## What to produce
Copy all data exactly. Skip pictures.

## Recorded data
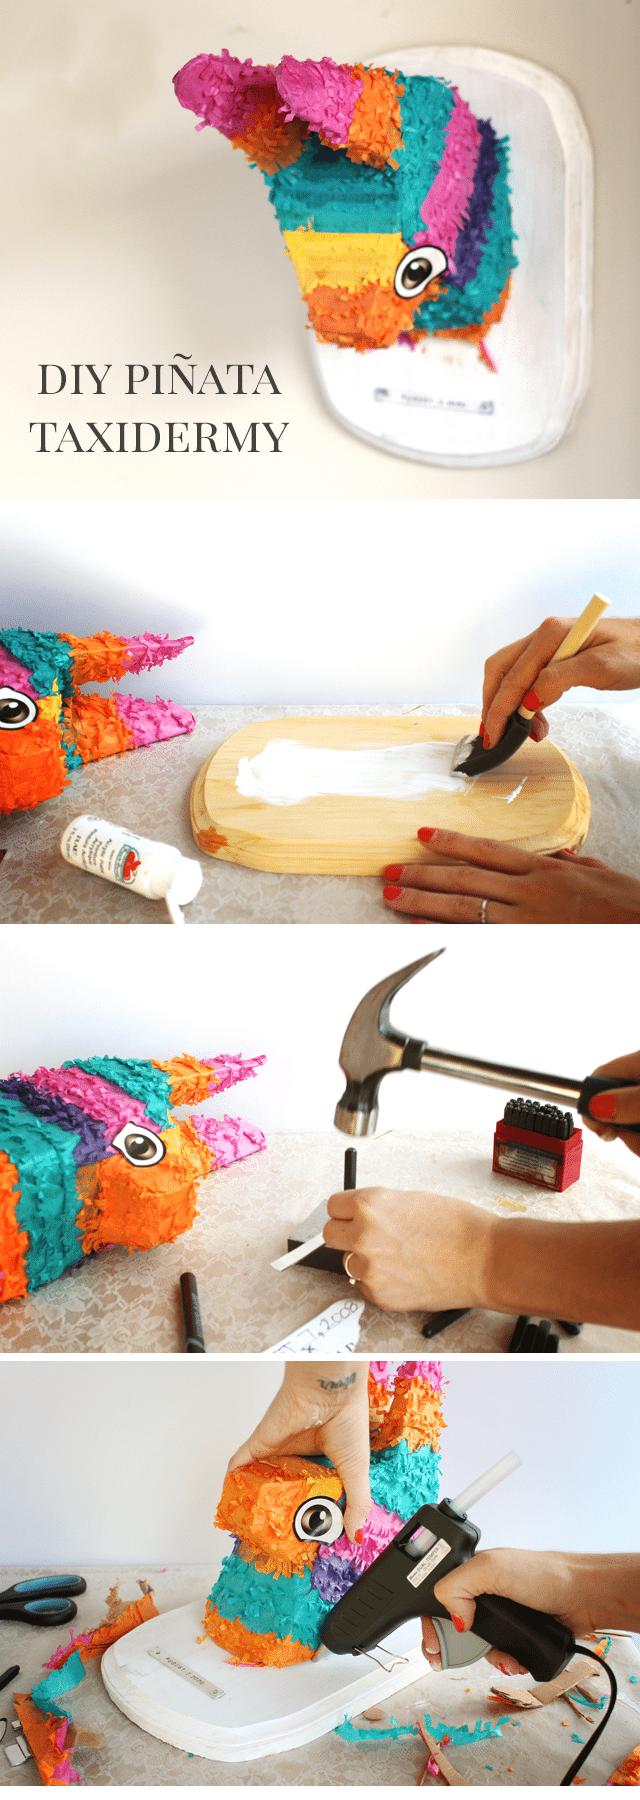 DIY Taxidermy Pinata Tutorial - Shrimp Salad Circus
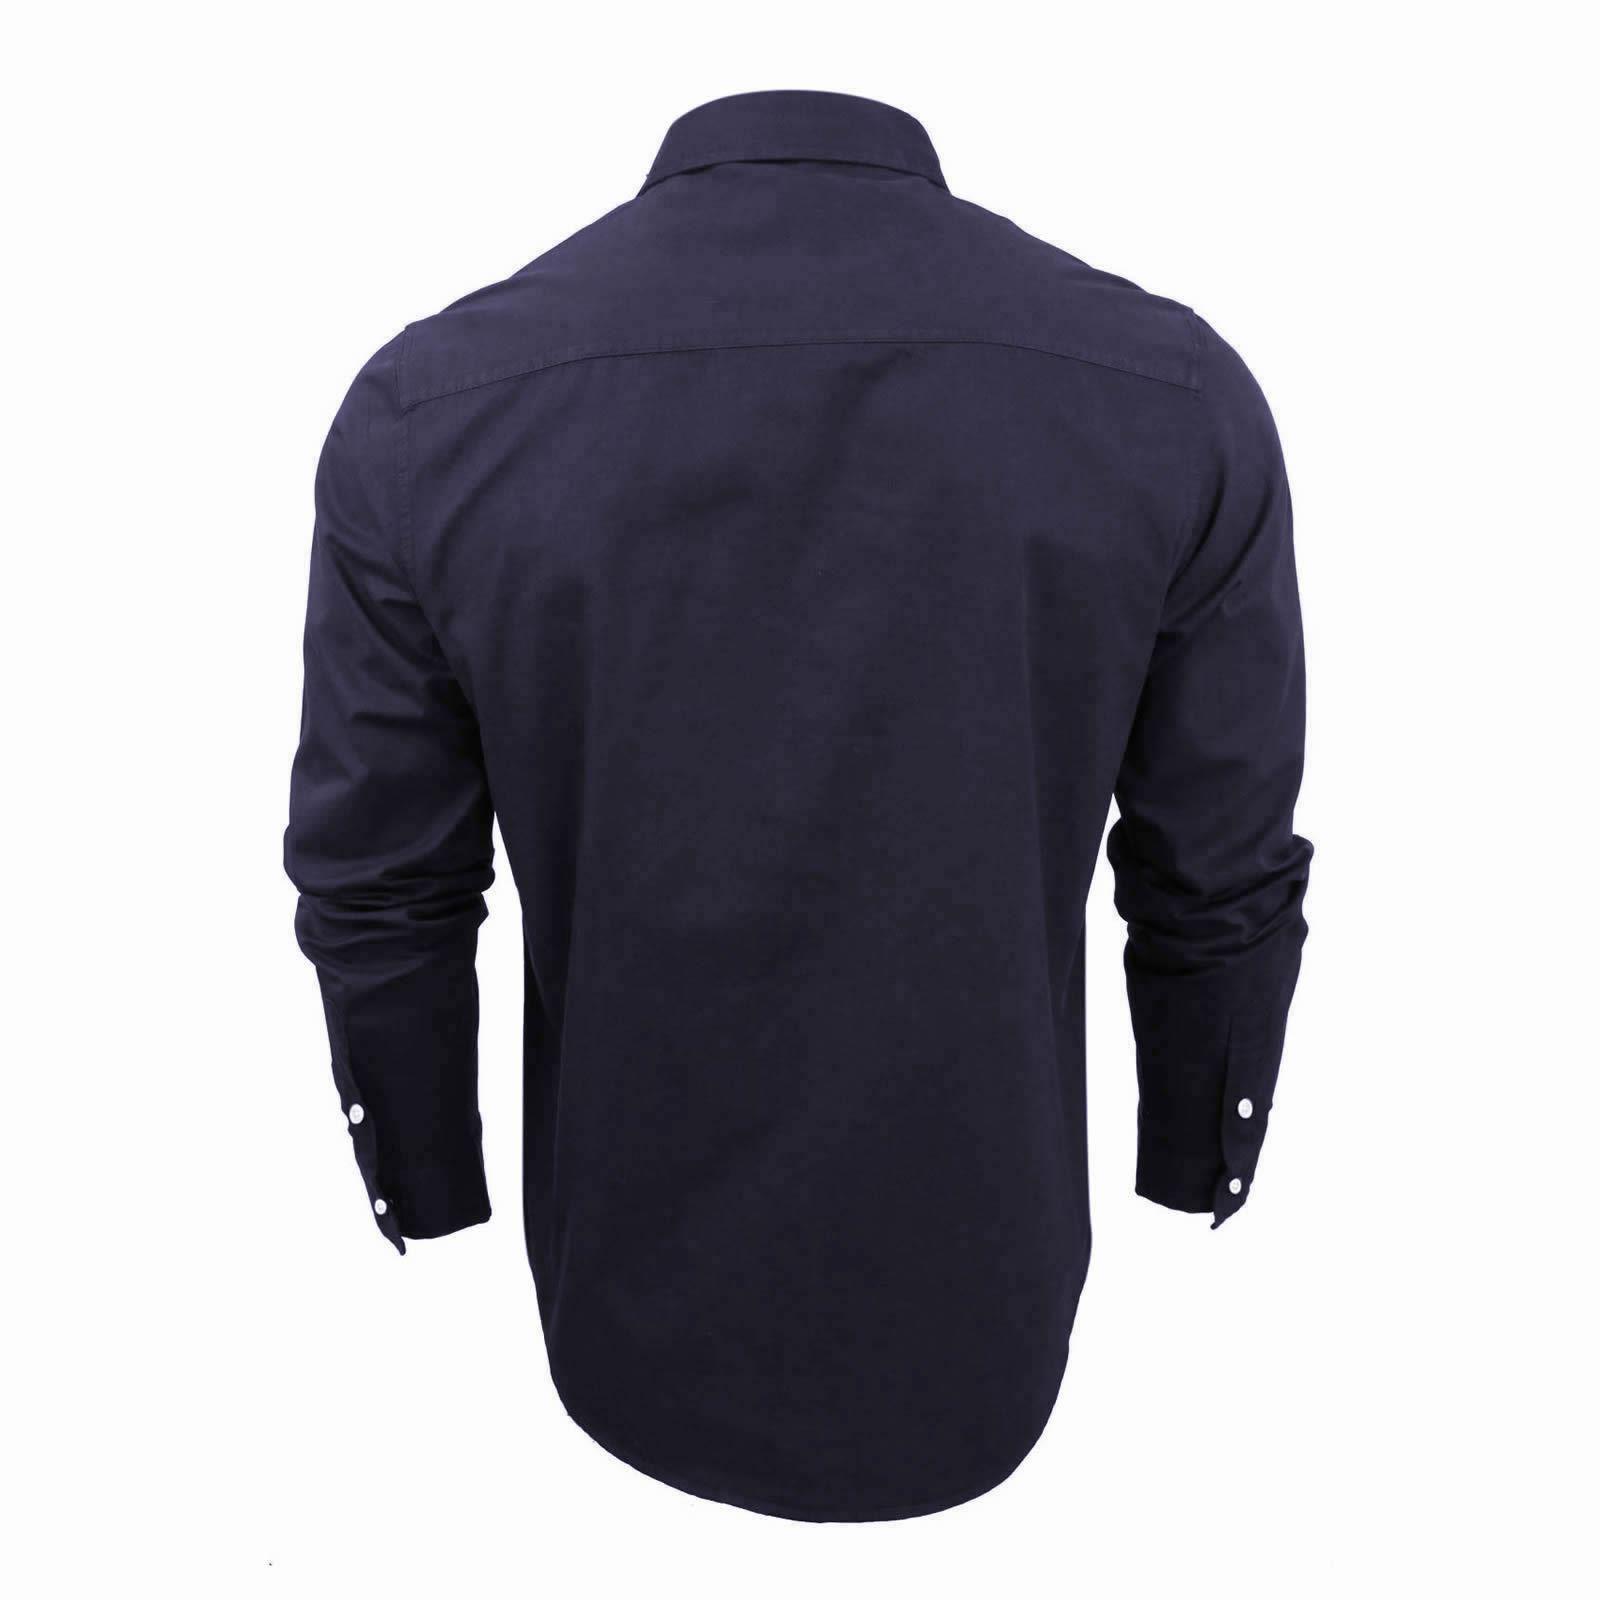 Mens-Shirt-Brave-Soul-Holmes-Long-Sleeve-Cotton-Canvas-Casual-Top thumbnail 5
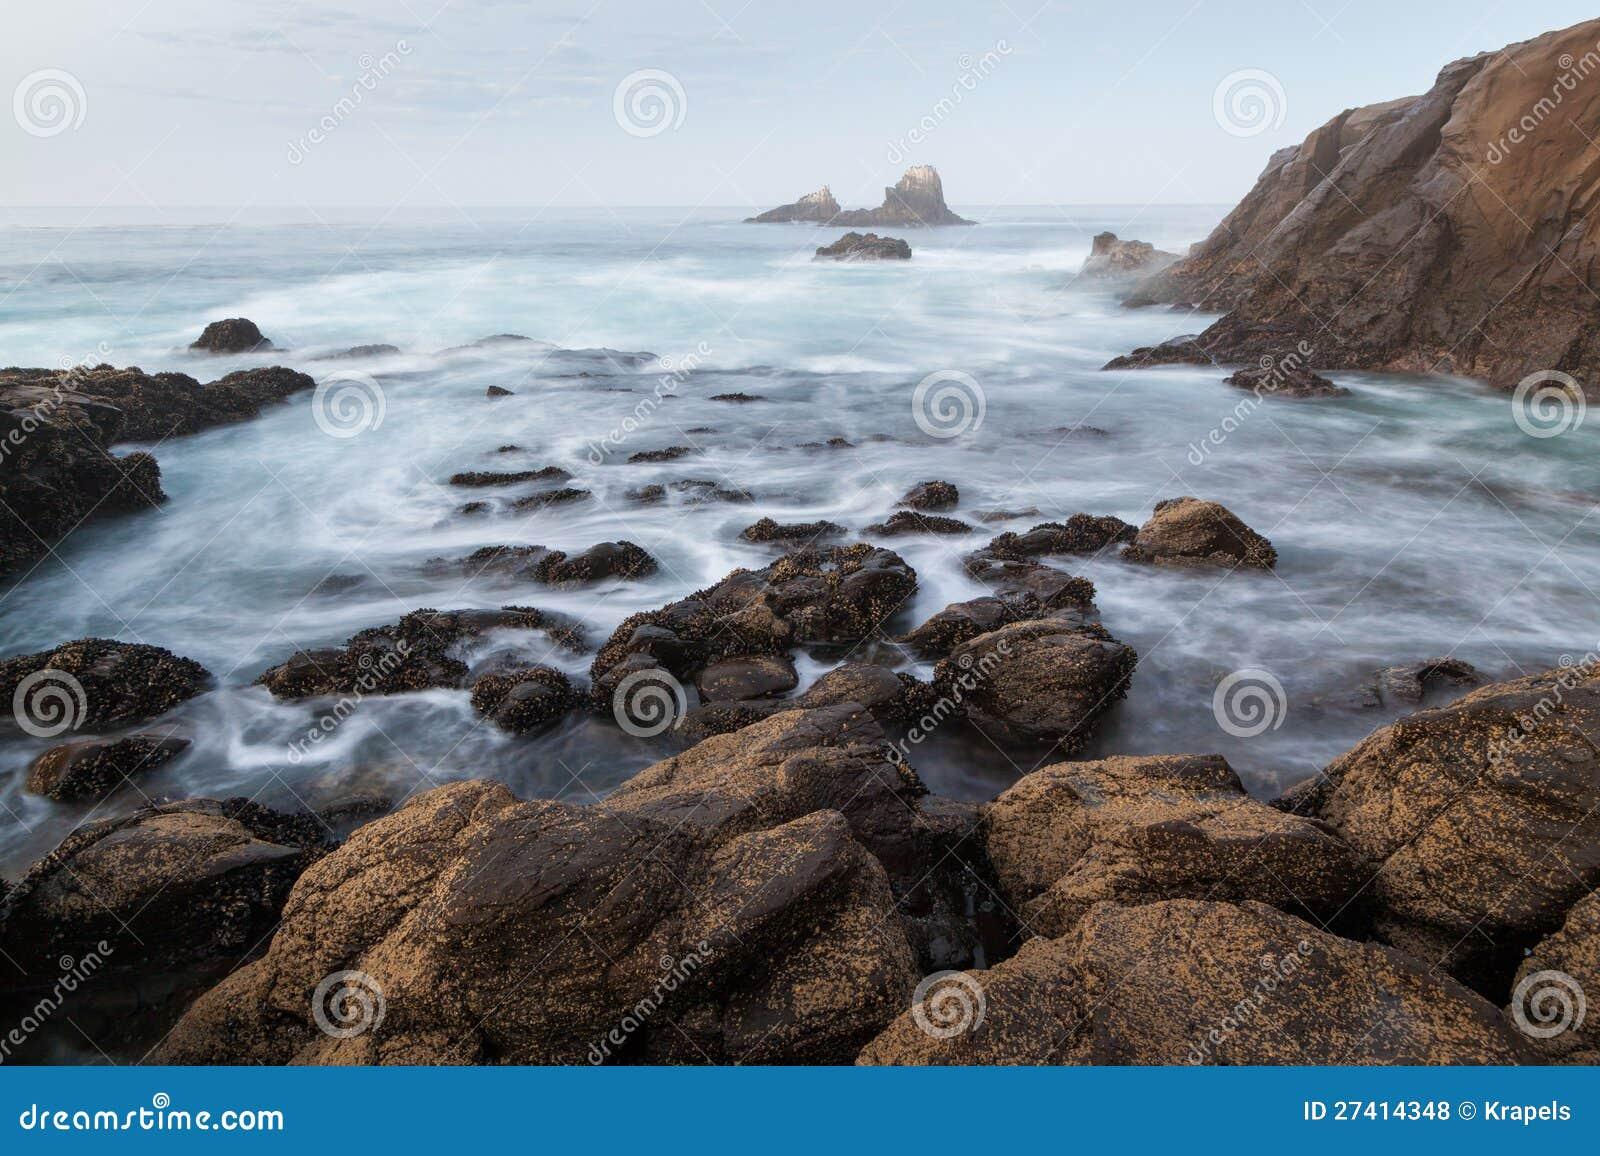 Seal Beach Irvine Ca

## Solution for this exercise
 DIY Taxidermy Pinata Tutorial - Shrimp Salad Circus
 Mens-Shirt-Brave-Soul-Holmes-Long-Sleeve-Cotton-Canvas-Casual-Top thumbnail 5
 Seal Beach Irvine Ca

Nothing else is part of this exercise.